Ms. Melonakos then notes the psychiatric criteria for viewing a syndrome as a diagnosis. The behavior or syndrome must cause subjective distress and/or negative social/life consequences. She asserts that homosexuality satisfies these criteria because many gays are unhappy with their sexual orientation and being gay is a “lethal addiction.” First, the DSM does include a diagnosis for those who are in distress over their sexual orientation (302.90). Second, the evidence is not clear that simply having same-sex attraction or taking on a gay identity requires one to pursue practices that do indeed lead to shortened life or disabling disease. I have previously addressed this issue relating to mental health morbidity.
In short, I do not believe the article makes the case for considering homosexual attraction per se to be a psychiatric disorder. Disordered sexuality of any sort (many partners, risky behavior, comcommitant drug usage, etc.) can be treated under several diagnostic headings, whether the person is gay, straight or bisexual.

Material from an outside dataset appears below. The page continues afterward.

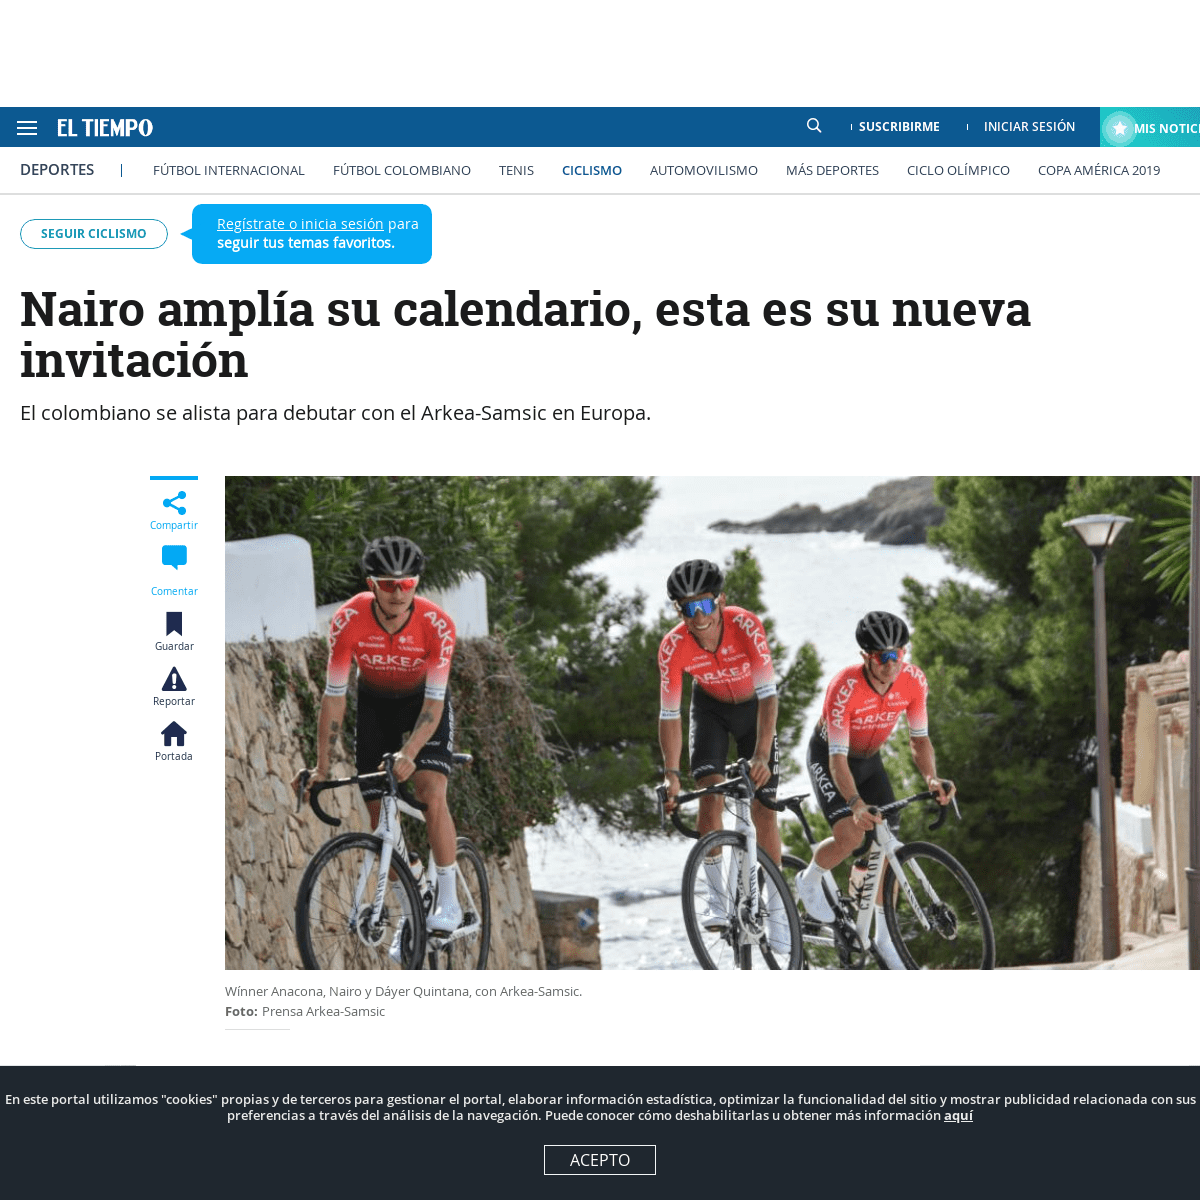 A complete backup of www.eltiempo.com/deportes/ciclismo/nairo-quintana-fue-invitado-a-competir-en-el-giro-de-sicilia-2020-460708

More on this article. In it, Ms. Melonakos asks: “Can anyone refute that increased morbidity and mortality is an unavoidable result of male-with-male sex–not to mention the increased rates of alcoholism, drug abuse, depression, suicide and other maladies that so often accompany a homosexual lifestyle?[v] People with this whole cluster of behavior patterns are somehow “normal”?”
This is pretty easily refuted by observing people who engage in male-to-male sex but do not have these disorders. Even in studies showing an increased risk of the disorders cited here, the majority of people studied do not have them. Somewhat, and in some cases, very minor, elevated risk, yes, but “unavoidable” incidence? No. Research does not show that increased morbidity and mortality is an unavoidable result of male-with-male sex.
To better understand the issues in anal cancer, see this National Cancer Institute article. HPV (against which condoms do not protect well) seems to be the major culprit. Men and women who engage in anal sex are at risk as are those who have had other STDs. The 4000% number quoted in the NARTH article seems pretty amazing until you consider that anal cancer is about unheard of in the general population. So instead of less than 1 case per 100,000, the rate is 35 per 100,000 in men who engage in anal sex. The risk is substantially elevated but the cancer is pretty rare. Even though the incidence is rare, I do think health professionals should provide this information to patients and in schools as well.
UPDATE (12/19/06) – NARTH Board member Dave Pruden tells me that the NARTH Scientific Advisory Committee is reviewing this article for accuracy.
1/4/07 -This article has been pulled from both the NARTH and Lifesite News websites.